Optimization of Secure Computation Efficiency in UAV-Enabled RIS-Assisted MEC-IoT Networks with Aerial and Ground Eavesdroppers

This paper proposes a security-aware computation offloading framework tailored for mobile edge computing (MEC)-enabled Internet of Things (IoT) networks operating in environments with aerial eavesdroppers (AEs) and ground eavesdroppers (GEs). It is envisaged that multiple ground nodes (GNs) should perform computation tasks partly locally and partly remotely by offloading a portion of these tasks to MEC servers. To facilitate this paradigm, an unmanned aerial vehicle (UAV) is deployed, serving as both an aerial MEC server and a relay for forwarding part of the tasks to a ground access point (AP) for computing.
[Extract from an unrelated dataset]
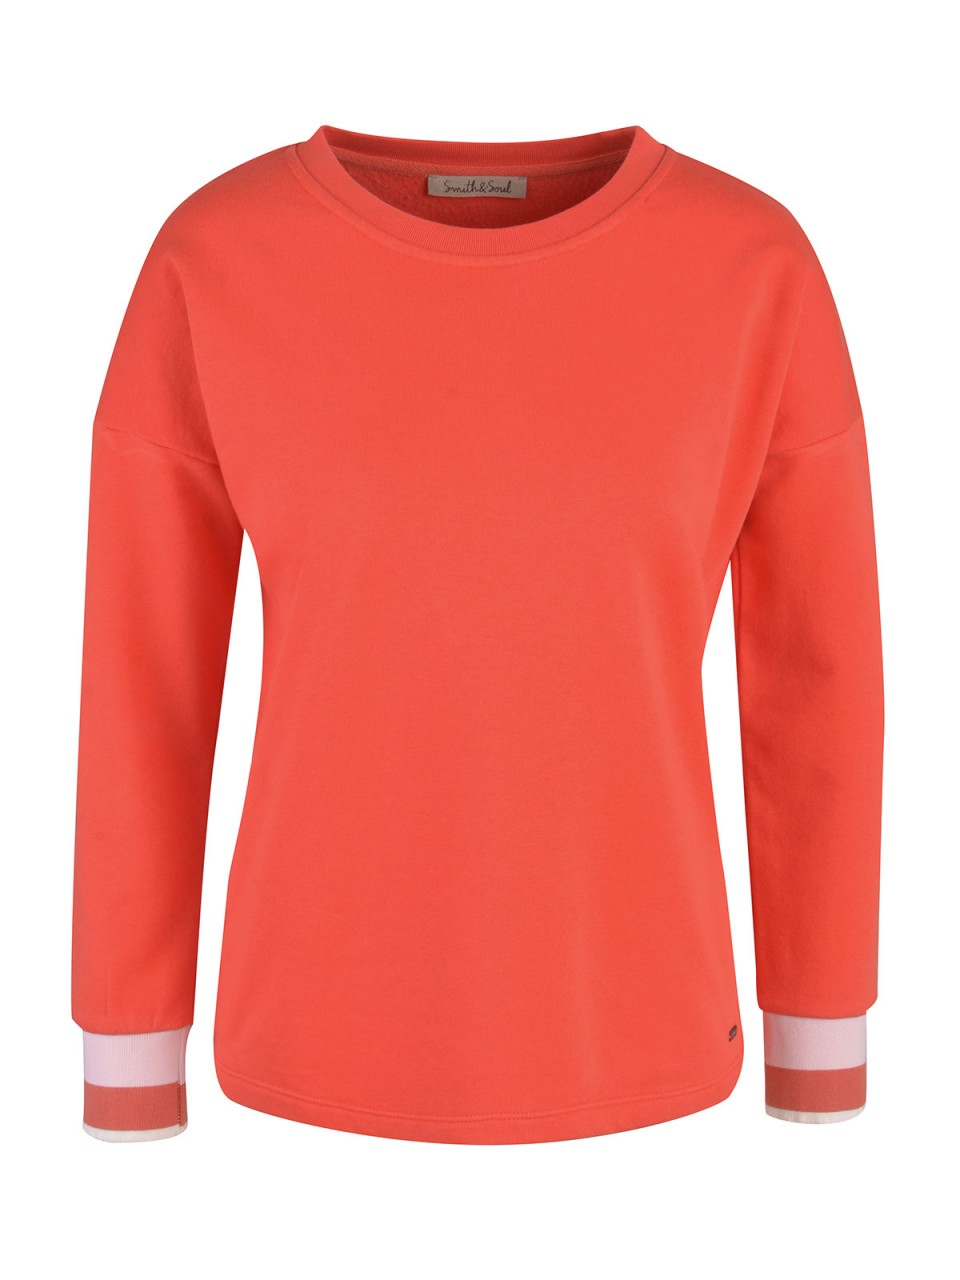 Oberteile - SMITH SOUL Damen Sweatshirt, rot  - Onlineshop Designermode.com
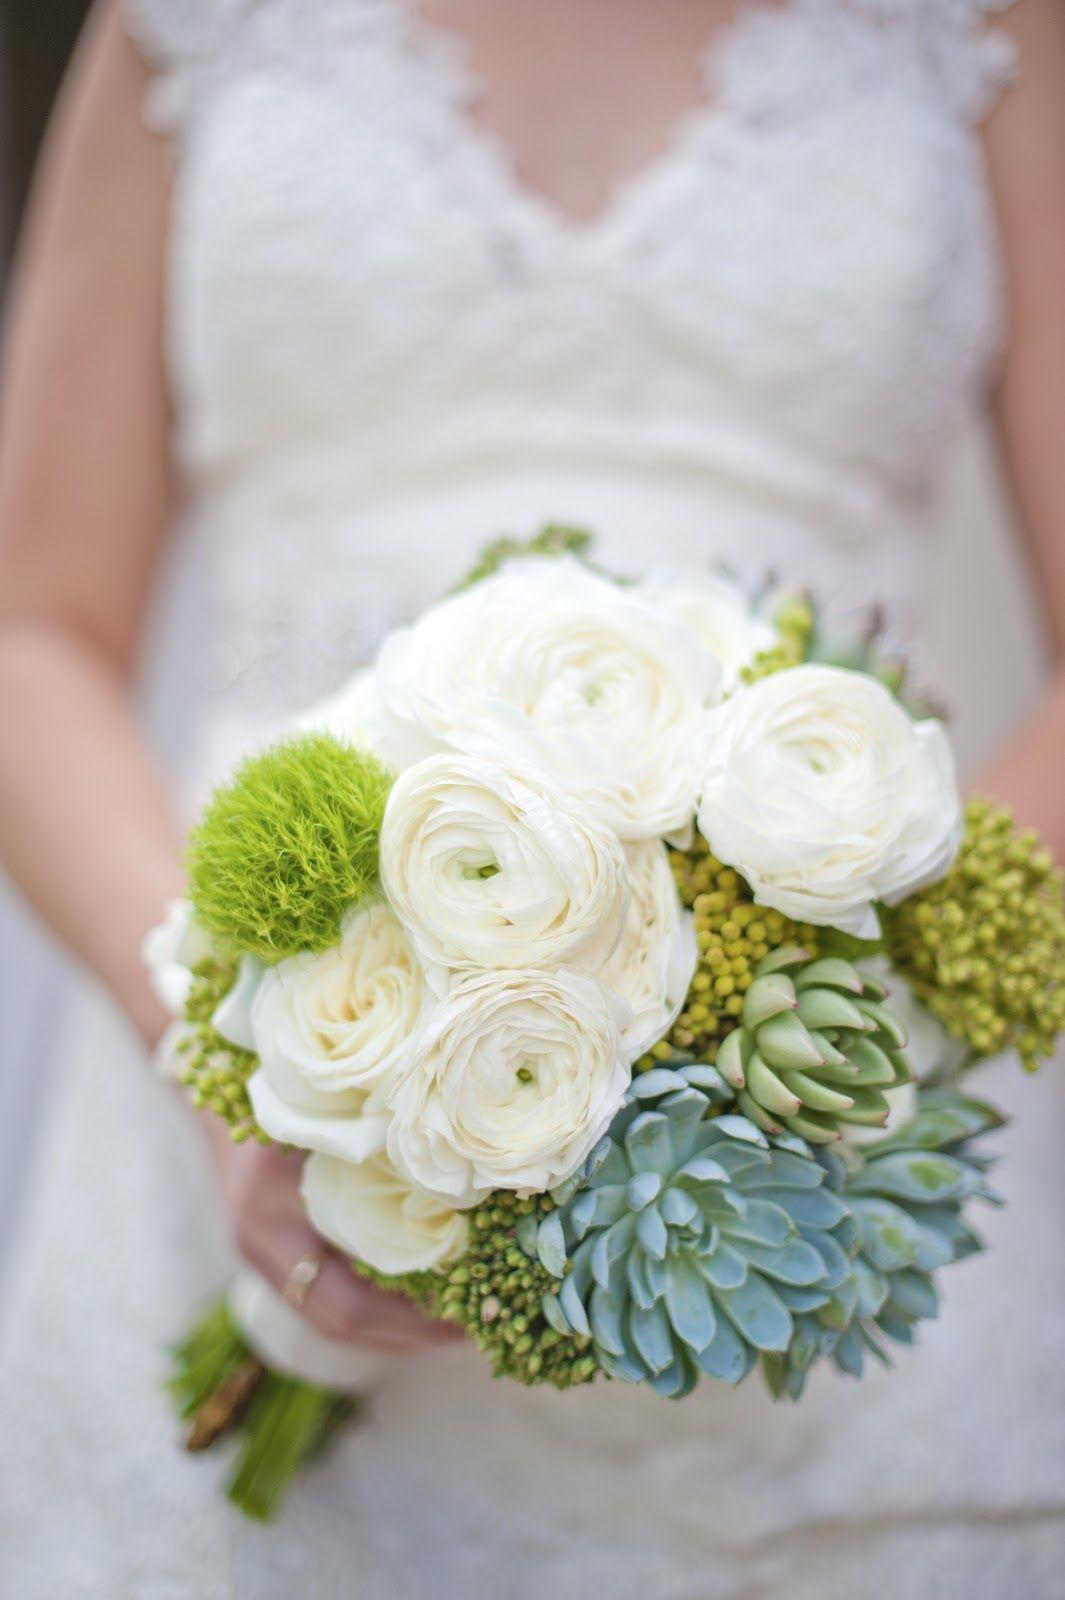 Modern white green and yellow wedding bouquet with succulents modern white green and yellow wedding bouquet with succulents floral design munster rose izmirmasajfo

The computation offloading is further reinforced by incorporating a reconfigurable intelligent surface (RIS) unit in close proximity to the AP. Within this context, this paper provides an analysis of the secrecy outage probability (SOP) and formulates an optimization problem aimed at maximizing the minimum secure computation efficiency (SCE) by jointly optimizing transmit power allocation, time slot scheduling, task allocation, and RIS’s phase shifts. Given the non-convex nature of the problem, an iterative algorithm is introduced to address the fractional objective function and coupled optimization variables by employing Dinkelbach- and block coordinate descent (BCD)-based methods, respectively. The obtained results confirm the efficacy of the optimized scheme.